Nein, die gibt es nicht. Zum einen wird die Nachfrage in Deutschland und Europa in allen Anwendungsbereichen weiter steigen. Der ZVEI erwartet bis 2030 eine Verdopplung des Halbleitermarkts. Neue Fabriken auch in Europa zu bauen, ist also der richtige Weg. Jedoch dauert der Neubau einer solchen Fabrik in Summe bis zu fünf Jahren und bedarf einer Investitionssumme von etwa bis zu zwölf Milliarden Euro.
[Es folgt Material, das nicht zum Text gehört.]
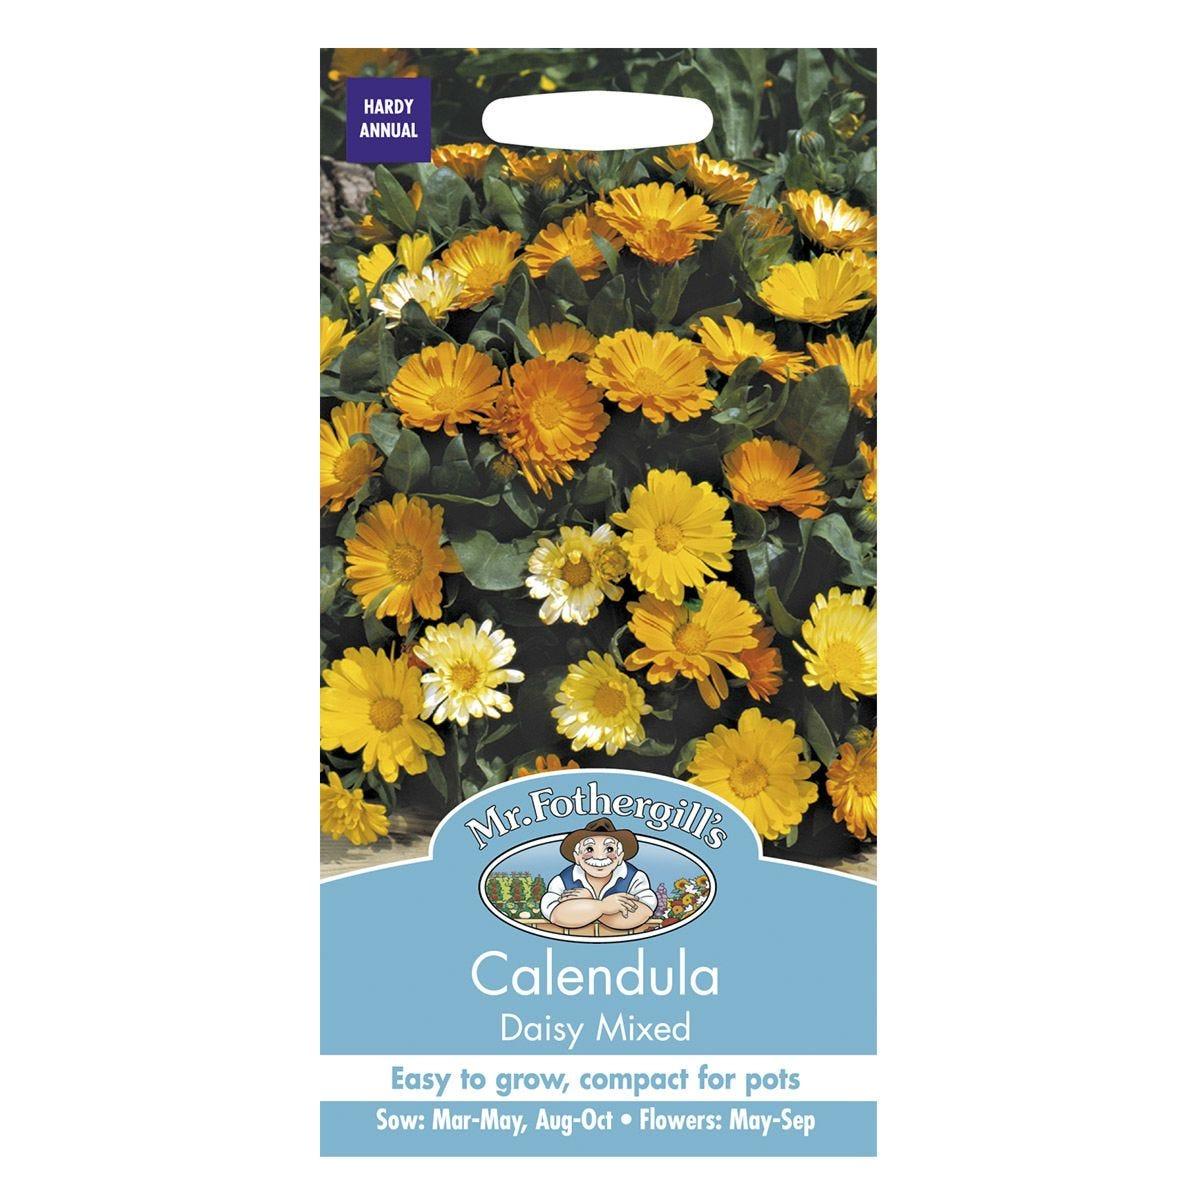 Mr Fothergill's Calendula Daisy Mixed Seeds

Zum anderen lässt sich eine Halbleiterproduktionsstätte bei kurzfristig veränderten Bedarfen nicht über Nacht umstellen, denn sie sind hochspezialisiert und kapitalintensiv. Das hat zur Folge, dass eine sogenannte Fab nur bei sehr hoher Auslastung ökonomisch arbeiten kann – dabei sind schon Auslastungen unter 85 Prozent nicht mehr kostendeckend. Um hier zukünftig eine Verbesserung zu erreichen und solche Versorgungsengpässe besser abfedern zu können, muss die Abnehmerindustrie in enger Zusammenarbeit mit den Halbleiterherstellern bessere Prognosen erstellen, um neue Produktionskapazitäten zum richtigen Zeitpunkt zu planen und aufzubauen.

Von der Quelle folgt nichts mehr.